James Henry Breasted (; August 27, 1865 – December 2, 1935) was an American archaeologist, Egyptologist, and historian. After completing his PhD at the University of Berlin in 1894, he joined the faculty of the University of Chicago. In 1901 he became director of the Haskell Oriental Museum at the university, where he continued to concentrate on Egypt. In 1905 Breasted was promoted to full professor, and held the first chair in Egyptology and Oriental History in the United States.

In 1919 he founded the Oriental Institute at the University of Chicago, a center for interdisciplinary study of ancient civilizations. Breasted was a committed field researcher, and had a productive interest in recording and interpreting ancient writings, especially from sources and structures that he feared may be lost forever.

Early life and education
James Henry Breasted was born on August 27, 1865, the son of a small hardware business owner and his wife, in Rockford, Illinois. His ancestors went back to early colonial Dutch and English, with the family name Van Breestede. He was educated at local public schools before attending North Central College (then North-Western College). He graduated from there in 1888, and attended Chicago Theological Seminary, but transferred to Yale University to study Hebrew. He studied with William Rainey Harper, who had great influence on the teaching of the language. He received a master's degree from Yale in 1891. His mentor Harper had just accepted the presidency of the University of Chicago and encouraged Breasted to study at the University of Berlin for his doctorate, and then to join him in Chicago. Breasted studied the Egyptian language under the instruction of Adolf Erman. Erman had just established a new school of Egyptology, concentrating systematically on grammar and lexicography. Breasted received his doctorate in 1894, producing an edition of the sun hymns of El 'Amǎrneh period for his thesis. He was the first American citizen to obtain a PhD in Egyptology.

Marriage and family
In 1894 Breasted married Frances Hart. Hart and her sisters were in Germany at the same time as Breasted, where they were learning the German language and studying music. The couple honeymooned in Egypt. It was a working vacation, as Breasted had been recruited to build a collection of Egyptian antiquities for the University of Chicago.

Frances Hart Breasted died in 1934. Breasted married one of her sisters.

Academic career

Breasted popularized the term "Fertile Crescent" to describe the archaeologically important area including parts of present-day Iraq, Syria, Turkey, Lebanon, Jordan, Palestine and Israel.

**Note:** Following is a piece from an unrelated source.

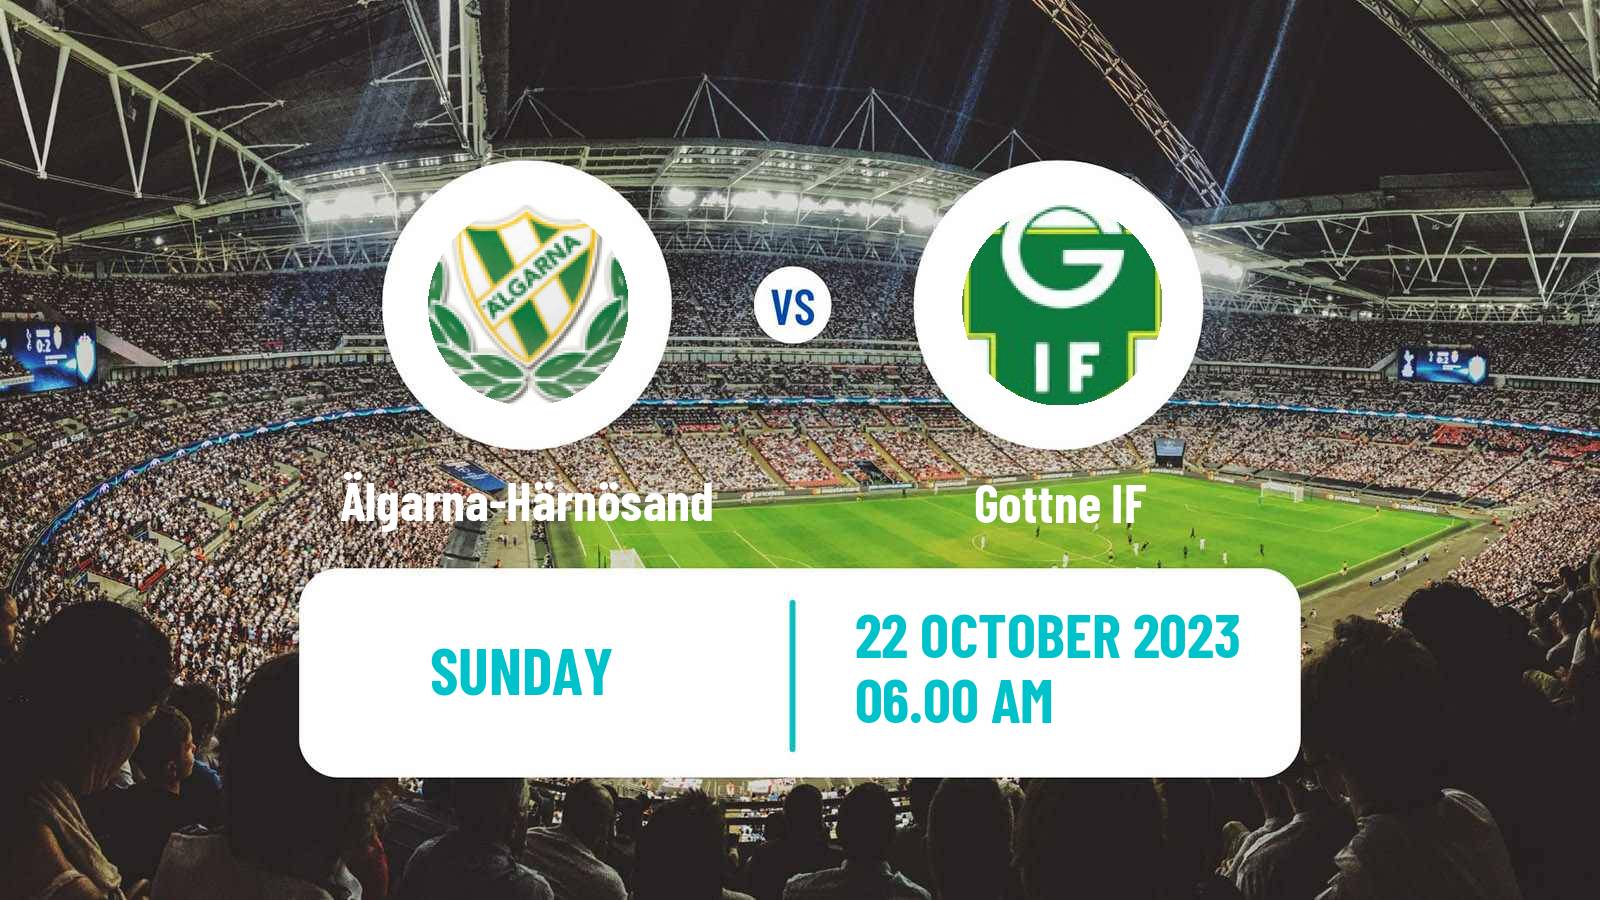 Soccer Swedish Division 2 - Norrland Älgarna-Härnösand - Gottne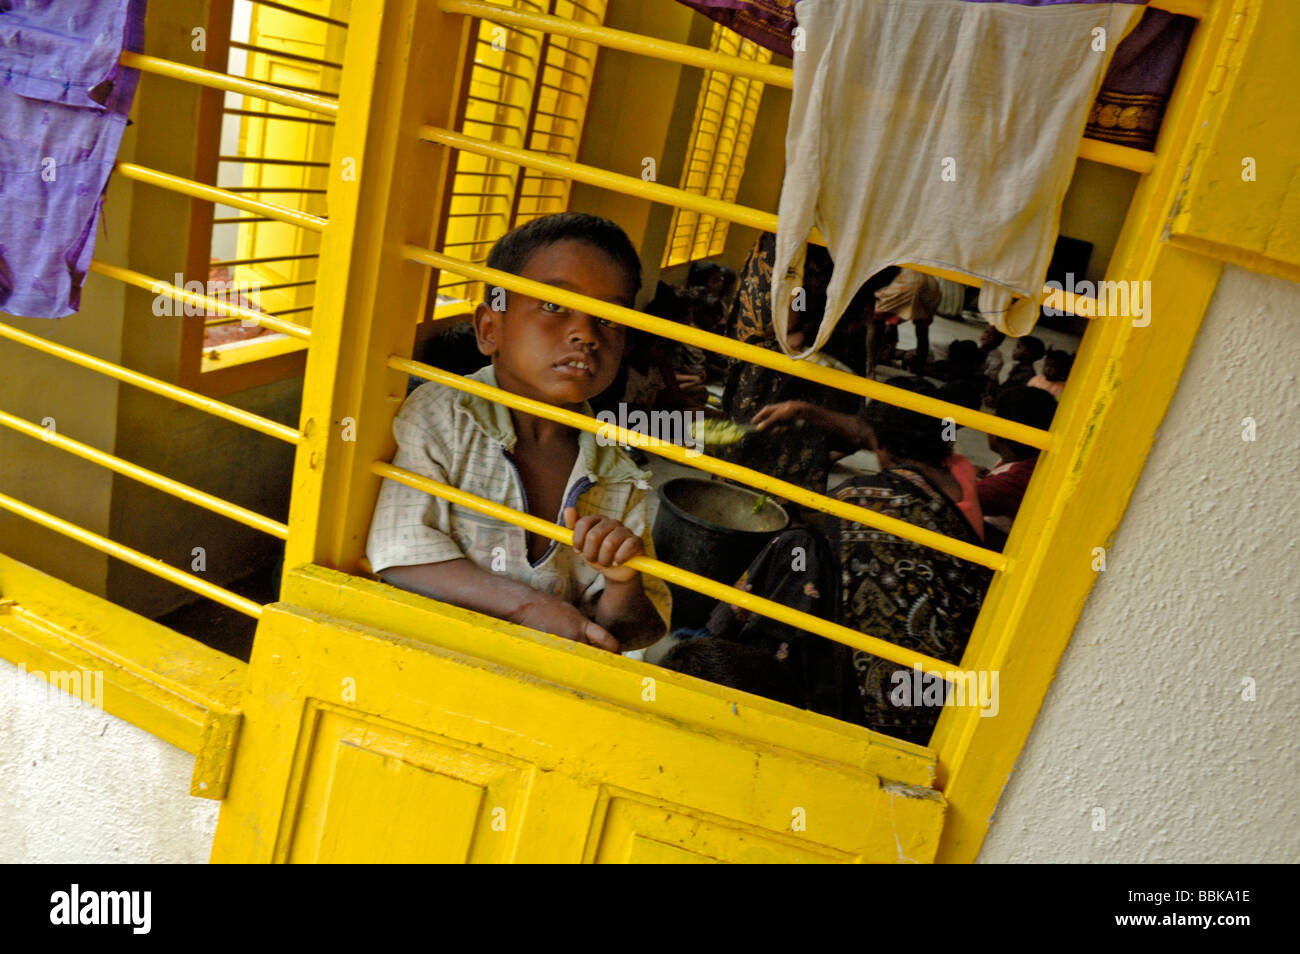 Kleines Kind in einem der Chennai ist vielen suburban Slums Kindergärten; Indien, Tamil Nadu, Chennai (Madras)... Stockfoto

Breasted became an instructor at the University of Chicago in 1894 soon after earning his doctorate. Five years later the university agreed to his accepting an invitation from the Prussian Academy of Sciences to work on its Egyptian dictionary project. From 1899 to 1908 he did fieldwork in Egypt, which established his reputation. He began to publish numerous articles and monographs, as well as his History of Egypt from the Earliest Times Down to the Persian Conquest in 1905. At that time he was promoted to Professor of Egyptology and Oriental History for Chicago (the first such chair in the United States).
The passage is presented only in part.